Sources say Iran's next wave of attacks will be larger and will extend to more targets within Israel. Iran is prepared for a larger-scale confrontation should Israel respond, aiming to deter and demonstrate its retaliatory capabilities.
Strong employment data: Fed rate hike expectations weigh on gold prices
Gold's weakness is not solely due to geopolitical events. Last Friday (June 5th), the US released its May non-farm payroll report, far exceeding expectations, with 172,000 new jobs added, double the market forecast, and the unemployment rate remaining stable at 4.3%. This strong data significantly solidified market expectations that the Federal Reserve would maintain high interest rates or even raise them.
Spot gold fell about 3.3% on Friday, hitting a low of $4,311.74 per ounce, its lowest level since March 24, with a cumulative decline of nearly 4.68% for the week. August gold futures also fell sharply. Analysts pointed out that although gold is traditionally a tool for hedging against inflation, the high-interest-rate environment significantly increases the opportunity cost of holding non-interest-bearing assets. A stronger dollar and rising US Treasury yields further suppressed gold prices.
TD Securities and other institutions believe that given the high energy prices and significant inflationary pressures, the Federal Reserve is unlikely to shift to an easing stance anytime soon. The CME FedWatch tool shows the probability of a December rate hike has risen to approximately 70%. Weak gold demand from India and China has also failed to provide sufficient support.
Gold Short-Term Trend: Intense Battle Between Safe-Haven Demand and Interest Rate Hike Expectations
Currently, spot gold is fluctuating between $4310 and $4330. On Monday morning, it dipped slightly to $4310.24 due to a jump in oil prices, but subsequently recovered its losses following Trump's "no retaliation" statement. This movement reflects market divergence on the evolution of the conflict: on the one hand, Iranian attacks and potential Israeli retaliation could push up oil prices and exacerbate inflation, benefiting gold's safe-haven appeal; on the other hand, if Trump successfully mediates and negotiations return to normal, easing risk sentiment would put downward pressure on gold.
From a longer-term perspective, gold prices have fallen by more than 17% since the outbreak of related conflicts at the end of February. In the current environment, gold faces dual pressures: geopolitical risks provide support, but the Federal Reserve's policy path poses a major obstacle. The upcoming US May CPI data this week will be a key indicator—if inflation exceeds expectations, market expectations for interest rate hikes may further intensify, putting pressure on gold prices; if the data is moderate, gold may have a chance to breathe.
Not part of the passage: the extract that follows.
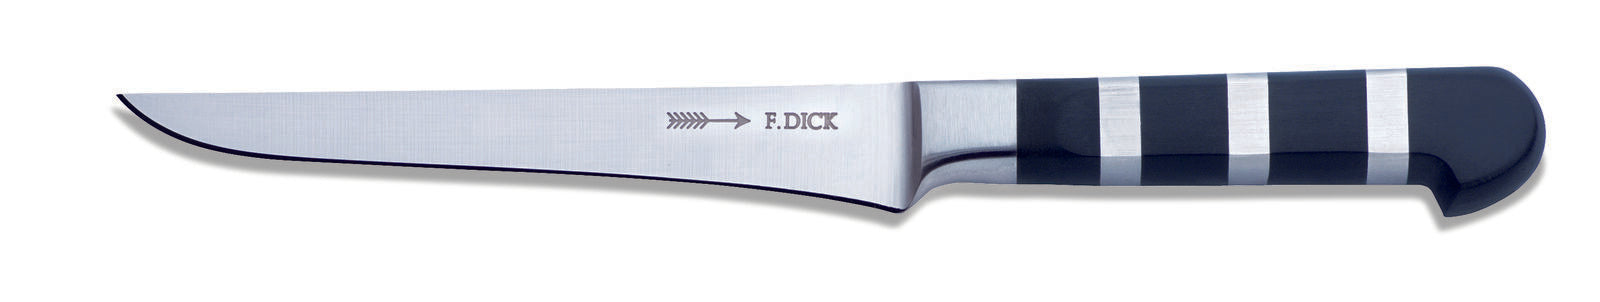 F. Dick (8194515) 6" Boning Knife - 1905 Series-cityfoodequipment.com

Market Outlook: Gold Investment Requires Caution and Risk Balancing
Overall, the Iranian missile attack on Israel once again highlights the fragility of the Middle East situation, which may continue to provide safe-haven buying support for gold in the short term. However, strong US economic data and the potential path of interest rate hikes by the Federal Reserve remain the main obstacles to gold price increases. Investors need to closely monitor the progress of US-Iran negotiations, Israel's subsequent actions, and next week's US inflation data.
In the current complex environment, gold is not in a one-sided trend. Aggressive investors may focus on support around $4,300 and potential rebounds, while a more conservative strategy suggests waiting for further clarity on the situation. Geopolitical risks and macroeconomic policy maneuvering will continue to dominate the gold market, and any dominance by either side could trigger significant volatility. As a traditional safe-haven asset, gold retains strategic value in times of uncertainty, but short-term trading requires close monitoring for the risk of a shift in market sentiment.

(Spot gold daily chart, source: FX678)
At 07:15 Beijing time, spot gold was trading at $4330.76 per ounce.